Most cases of neuroborreliosis resolve without treatment within 3-6 months. Antibiotics rapidly improve a patient's symptoms, particularly pain. Penicillin, doxycycline, ceftriaxone and cefotaxime are all effective in early neuroborreliosis. Neuroborreliosis with CNS involvement is most often treated with intravenous ceftriaxone, but several studies have shown that oral doxycycline is as safe and effective as ceftriaxone for all manifestations of neuroborreliosis. Doxycycline has the advantage of oral preparation, but it is contraindicated during pregnancy and lactation. There are no current recommendations for the use of corticosteroids. Most patients recover completely with treatment, although this can take several months. Sometimes there is permanent damage, such as to cranial or peripheral nerves. A prolonged course is recommended for patients with immunosuppression, those with severe disease, extrapulmonary infection, and those on inappropriate initial therapy. Early appropriate therapy is a major factor in reducing mortality. There are only a few studies on antibiotic resistance. Resistance to therapeutics from the group of fluoroquinolones, macrolides, tetracyclines, or rifampin has been found only in isolated clinical cases.
To avoid infection, it is essential to take precautionary measures to avoid tick bites when in endemic areas. This can be done by:
- Staying on trails and groomed trails in forested areas;
- Walking in the center of trails to avoid bushes, plants and weeds;
- By not sitting on the ground;
- Wearing long-sleeved clothing and long pants;
- Applying an insect repellent that contains DEET.
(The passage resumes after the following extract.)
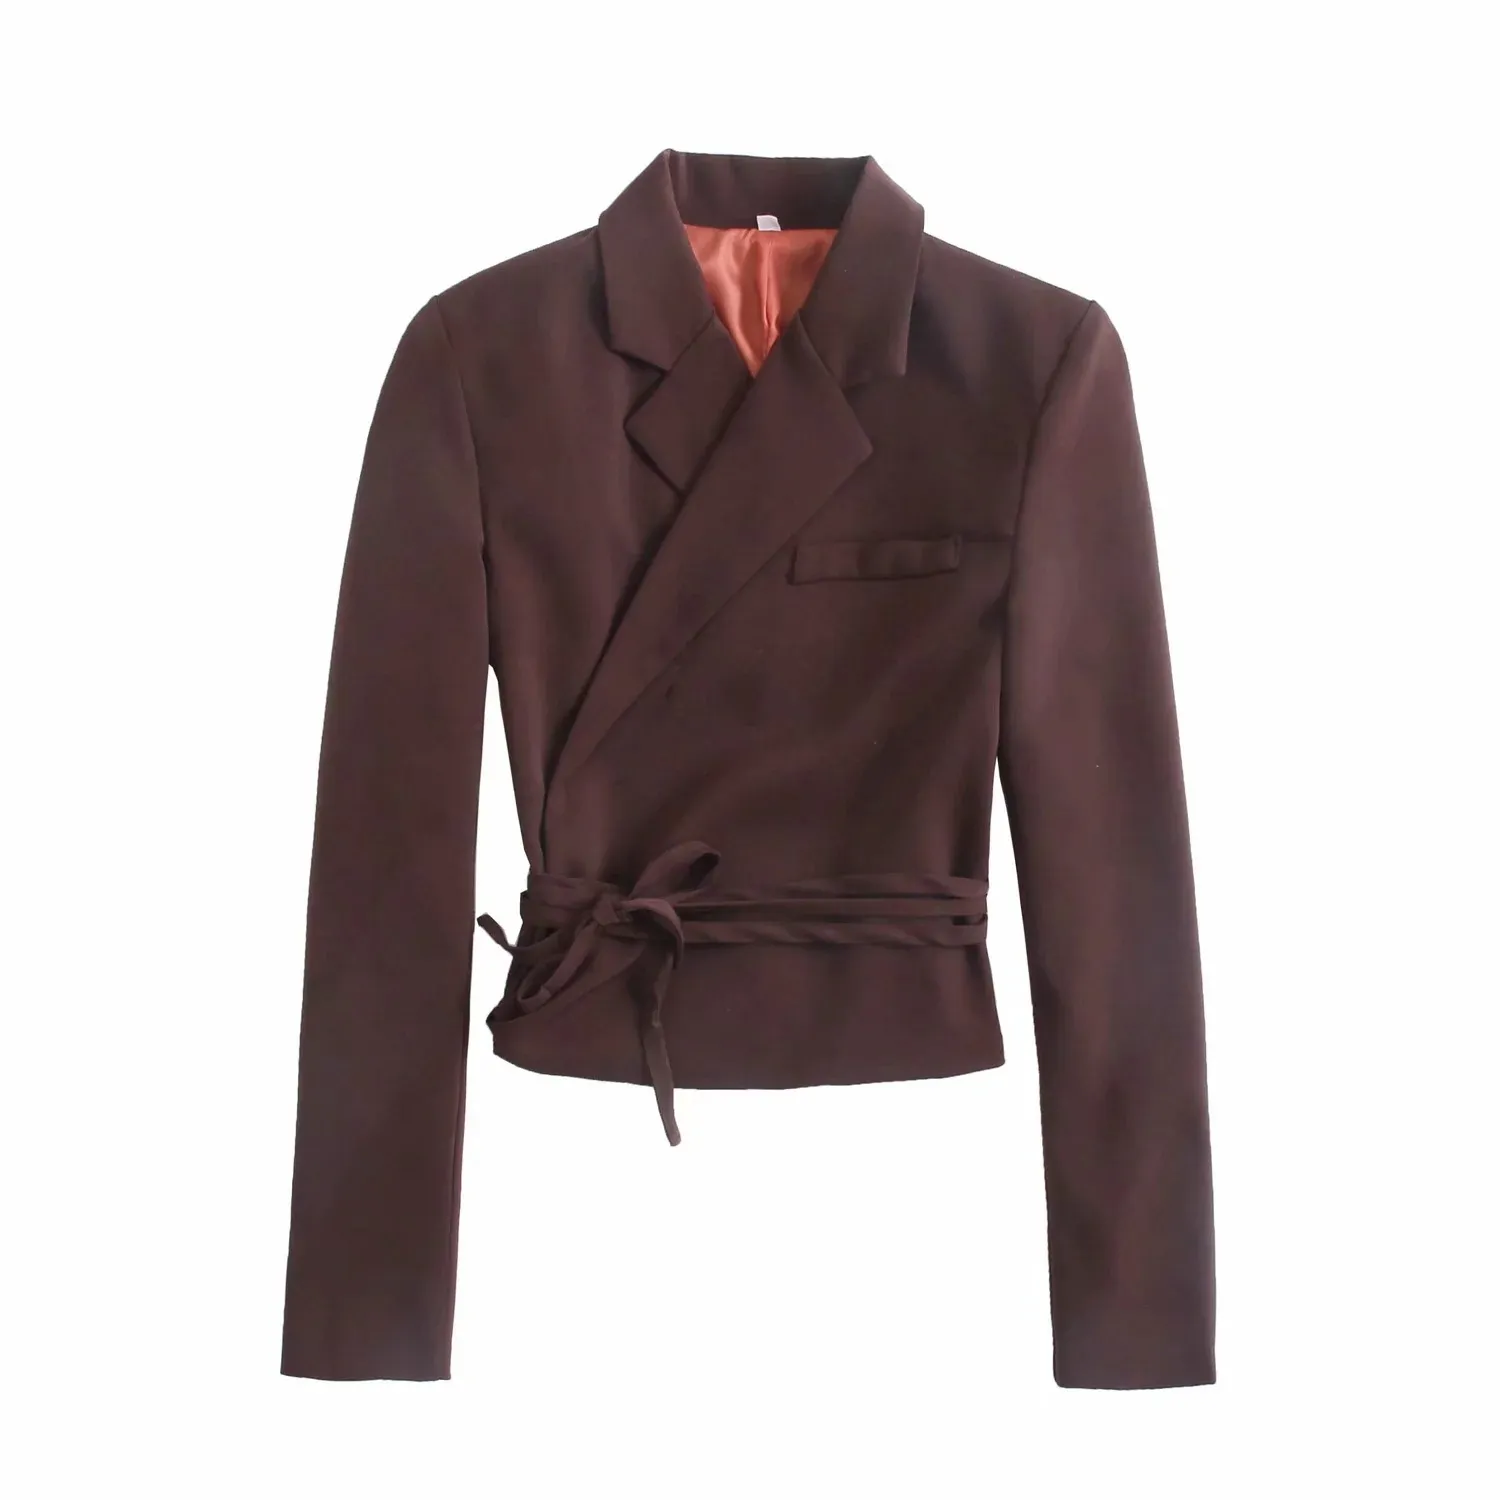 Dark Brown Women Blazer Jacket Design All-Match Lapel Casual Bow Tie Suit Jacket Coat Office Lady Chic Female Tops 210521

Early removal of ticks are preventive strategies. Tick bites that go unnoticed are more likely to transmit the bacteria because they usually stick longer, which greatly increases the risk of transmission. Removing a tick within 24 hours usually prevents infection, whereas when an infected tick is attached for more than 48 hours the risk of transmission is high. Antibiotics are not recommended for tick bites without skin changes. There have been attempts to develop vaccines, but studies have been disappointing and none are available for human use.